Italy: Vols. XI–XIII. 1876–79.

Varese, the Lake

Lago Varese

By Sir Henry Taylor (1800–1886)

I STOOD beside Varese’s Lake,

Mid that redundant growth

Of vines and maize and bower and brake

Which Nature, kind to sloth,

And scarce solicited by human toil,

Pours from the riches of the teeming soil.

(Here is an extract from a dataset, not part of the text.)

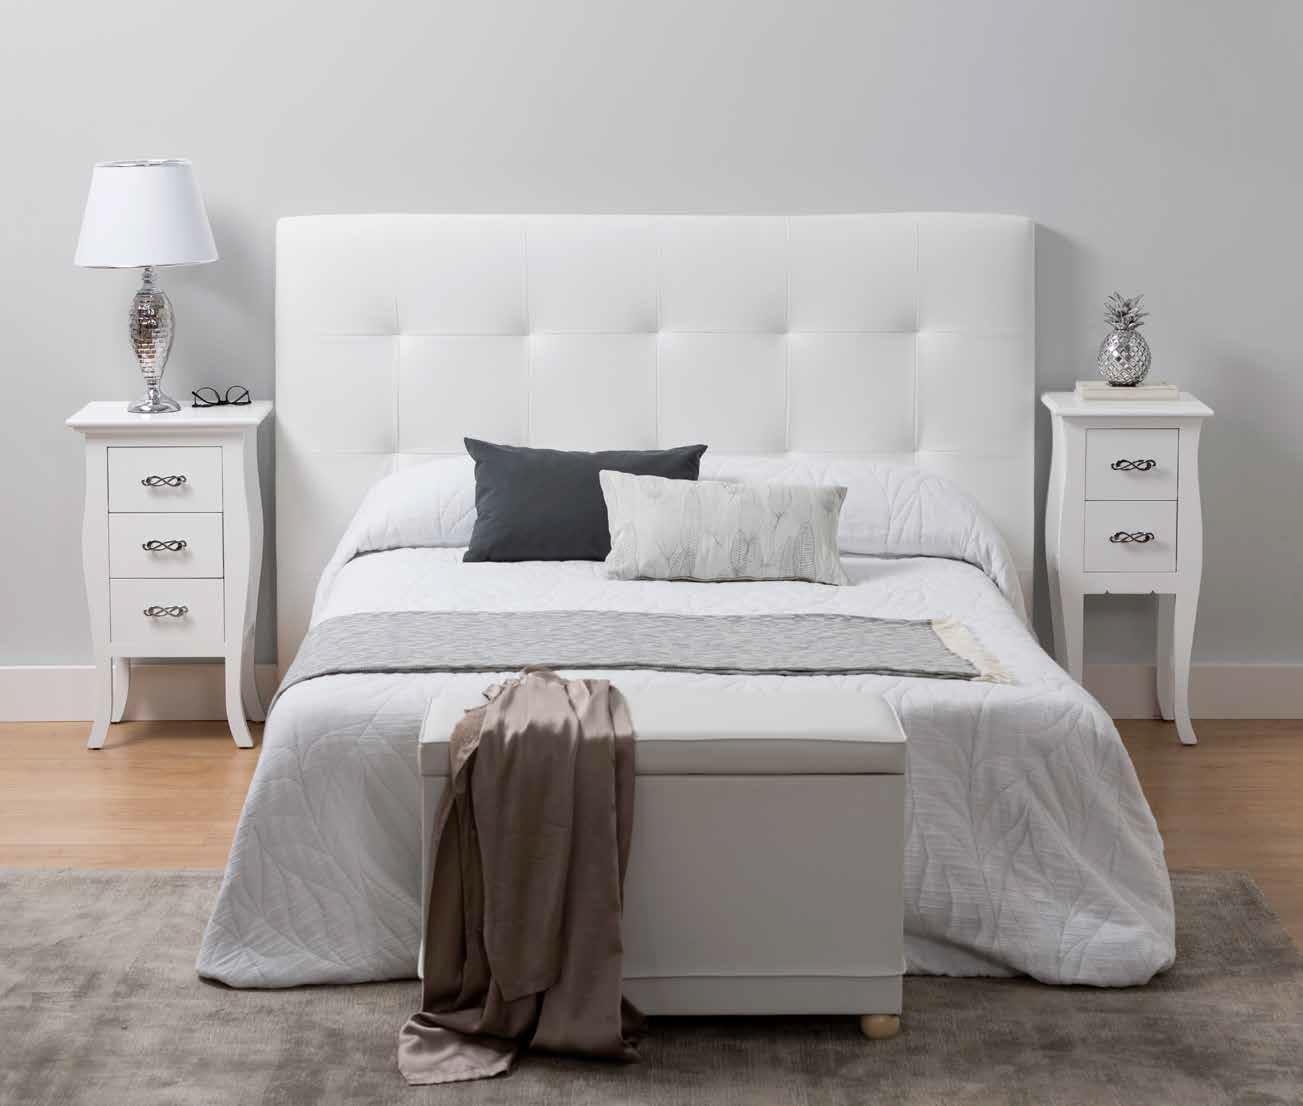 cabeceros-tapizados-general-muebles-paco-caballero-112-5cae257e25007

A mossy softness distance lent

To each divergent hill,

One crept away looking back as it went,

The rest lay round and still;

The westering sun not dazzling now, though bright,

Shed o’er the mellow land a molten light.

And, sauntering up a circling cove,

I found upon the strand

A shallop, and a girl who strove

To drag it to dry land:

I stood to see the girl look round; her face

Had all her country’s clear and definite grace.

She rested with the air of rest

So seldom seen, of those

Whose toil remitted gives a zest,

Not languor, to repose.

Her form was poised yet buoyant, firm though free,

And liberal of her bright black eyes was she.

Her hue reflected back the skies

Which reddened in the west;

And joy was laughing in her eyes

And bounding in her breast,

Its rights and grants exulting to proclaim

Where pride had no inheritance, nor shame.

*****

Methought this scene before mine eyes,

Still glowing with yon sun,

Which seemed to melt the myriad dyes

Of heaven and earth to one,

A divers unity,—methought this scene,

These undulant hills, the woods that intervene,

The multiplicity of growth,

The cornfield and the brake,

The trellised vines that cover both,

The purple-bosomed lake,

Some fifty summers hence may all be found

Rich in the charms wherewith they now abound.

And should I take my staff again,

And should I journey here,

My steps may be less steady then,

My eyesight not so clear,

And from the mind the sense of beauty may,

Even as these bodily gifts, have passed away;

But grant my age but eyes to see,

A still susceptive mind,

All that leaves us, and all that we

Leave wilfully behind,

And nothing here would want the charms it wore

Save only she who stands upon the shore.